Citation Drift Index (CDI): Metric for Durable AI Citations

# The Citation Drift Index (CDI): the metric that tells you if you're becoming a durable source in AI answers

Executive summary

Most teams measure "AI visibility" the way they measured early SEO wins: screenshots.

That's a trap.

In AI answers, the real question isn't "Did we get cited once?" It's: "Can we stay cited?"

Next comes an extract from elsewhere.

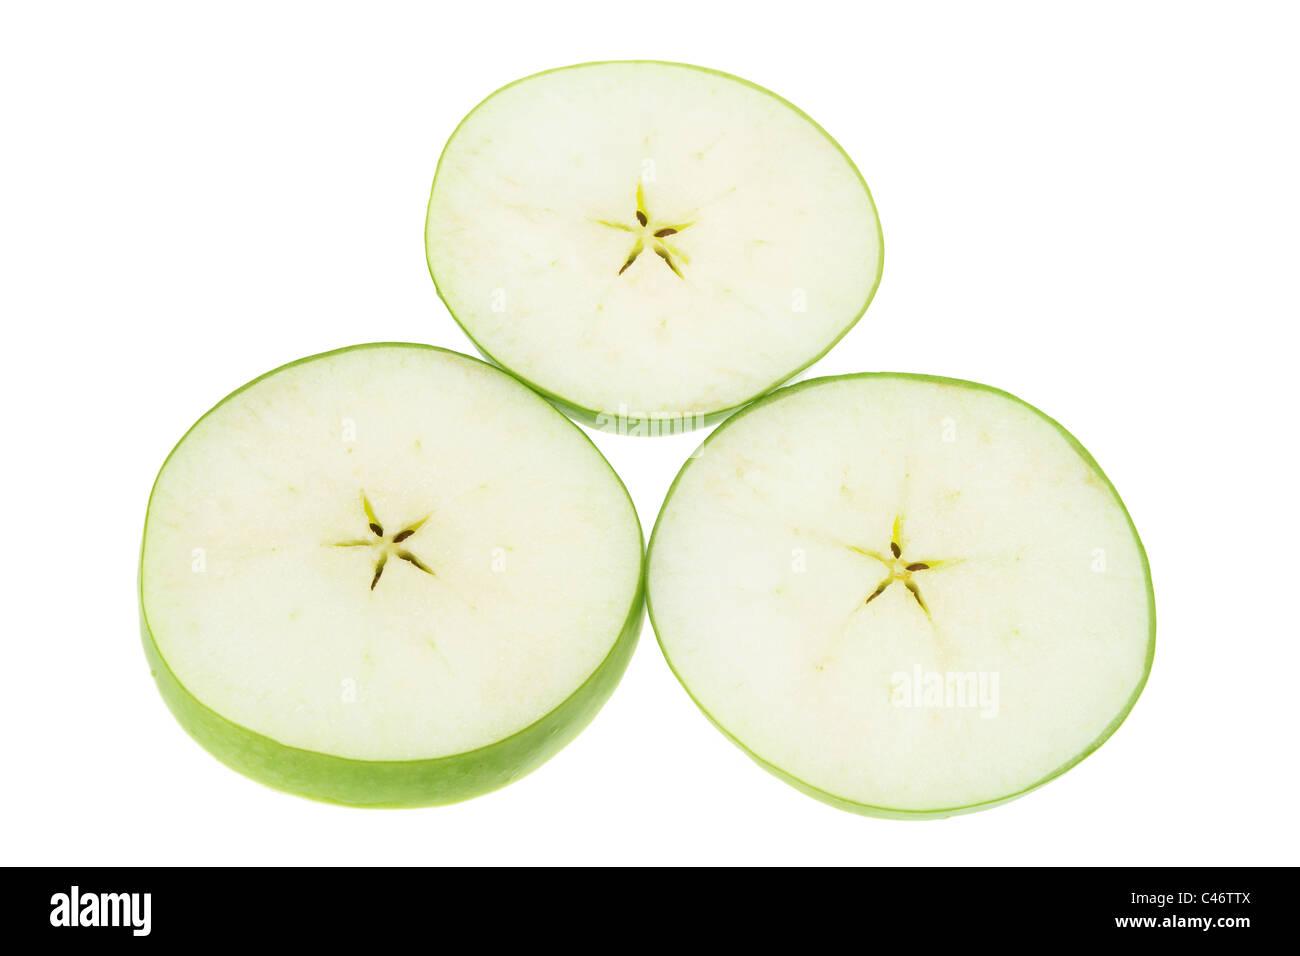 Slices of Granny Smith Apple - Stock Image

So here's a standard you can actually operate:

Citation Drift Index (CDI) → a drift-aware KPI for how stable your citations are over time
A practical audit method (query set + cadence + controls)
A diagnostic taxonomy that turns volatility into a backlog

If you already publish in a way that machines can reliably ingest (Bot-Visible Test (BVT)), and you've fixed provenance ambiguity (Entity Anchors), CDI becomes the KPI that tells you whether your authority is compounding.

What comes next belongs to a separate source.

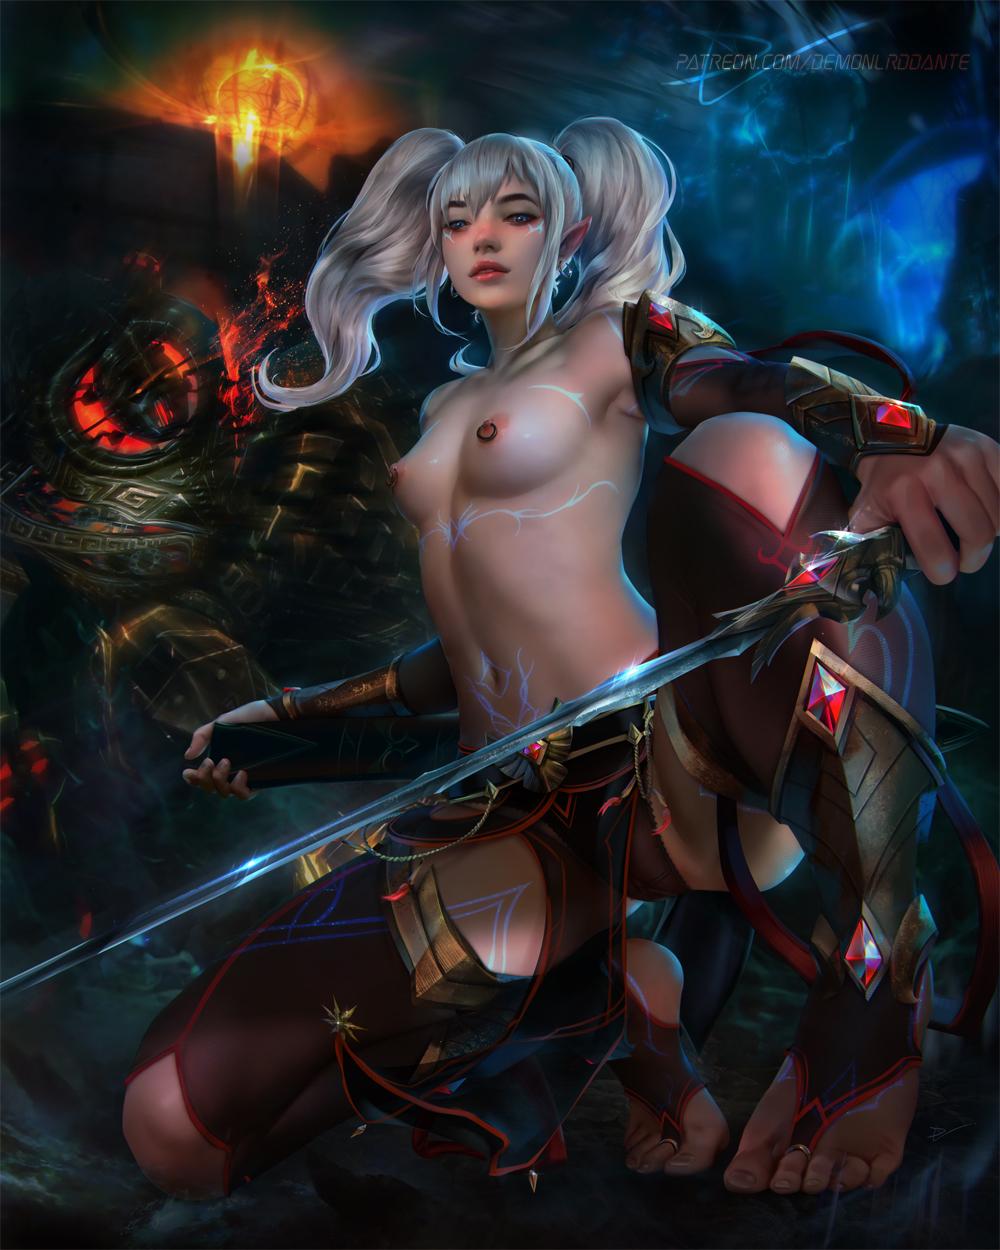 Elder Scrolls elf girl

For execution details, pair CDI with a concrete implementation checklist (The Citation-Ready GEO Checklist) and the system-level view of how mentions are assembled (The Citation Stack).

The contrarian claim

If you don't track drift, you're not doing GEO.

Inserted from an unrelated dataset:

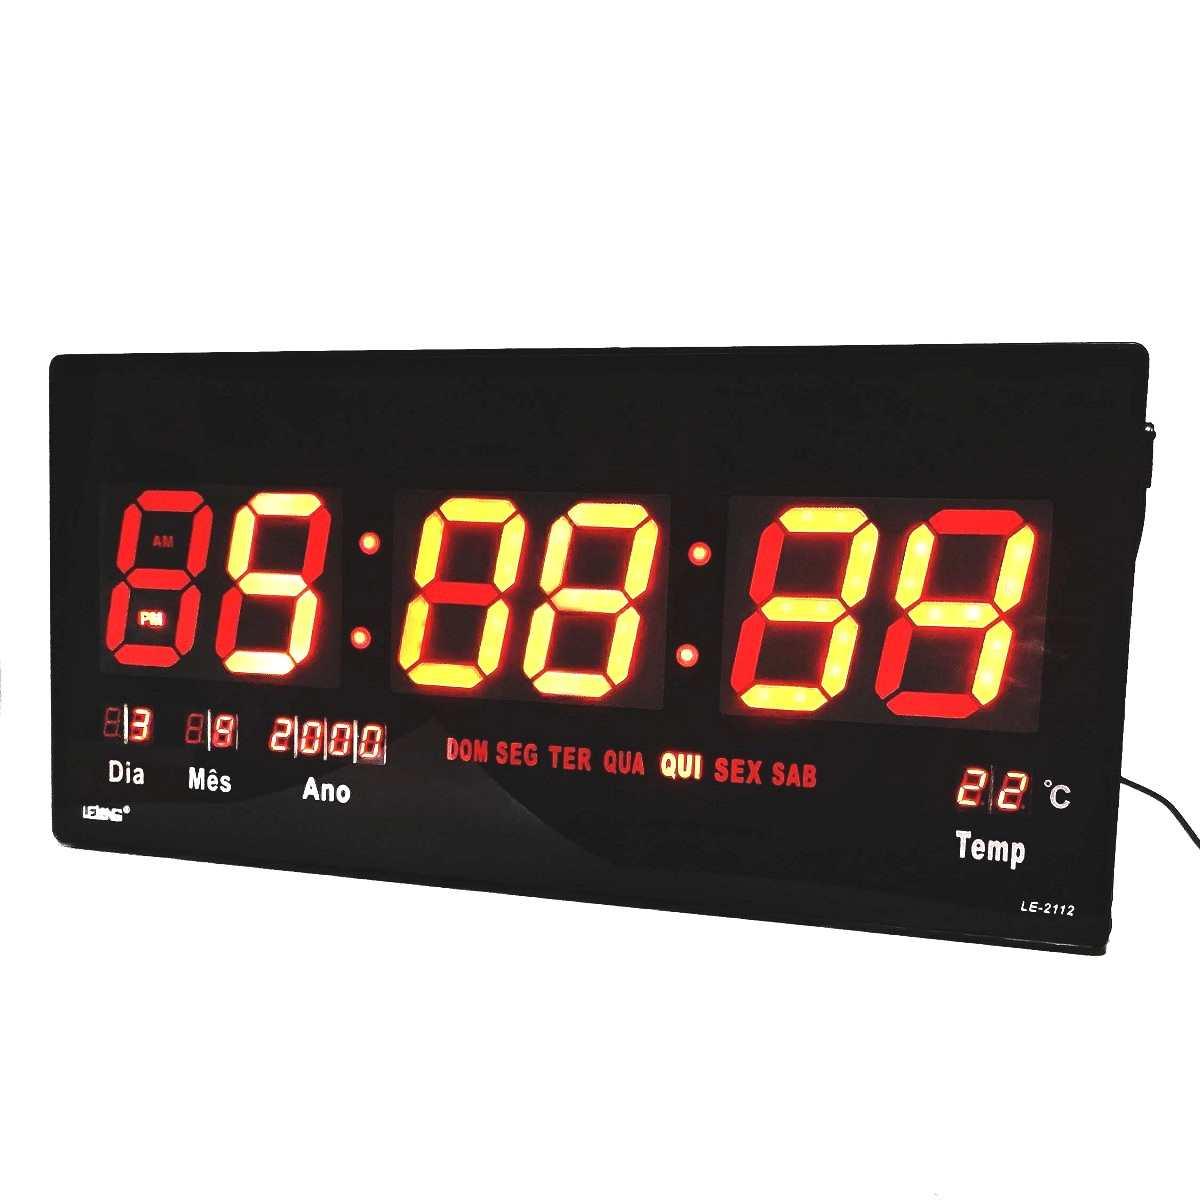 Relógio De Parede Digital Led Grande Data Temperatura Despertador Lelong-Le-2112

You're doing AI mention tourism.

One week your brand appears in an answer. Next week it's gone. Everyone celebrates anyway - because there's no metric that punishes volatility.

Traditional SEO trained us to obsess over position.

AI search requires us to obsess over selection stability.

What "citation drift" actually is

"Drift" is the delta between what you believe is true ("we're a source for this topic") and what the engines actually do over time.

Drift happens because:

retrieval + ranking weights change
answer synthesis patterns shift
your pages change (or competitors ship better evidence)
crawlers re-parse your pages and lose confidence (rendering/provenance issues)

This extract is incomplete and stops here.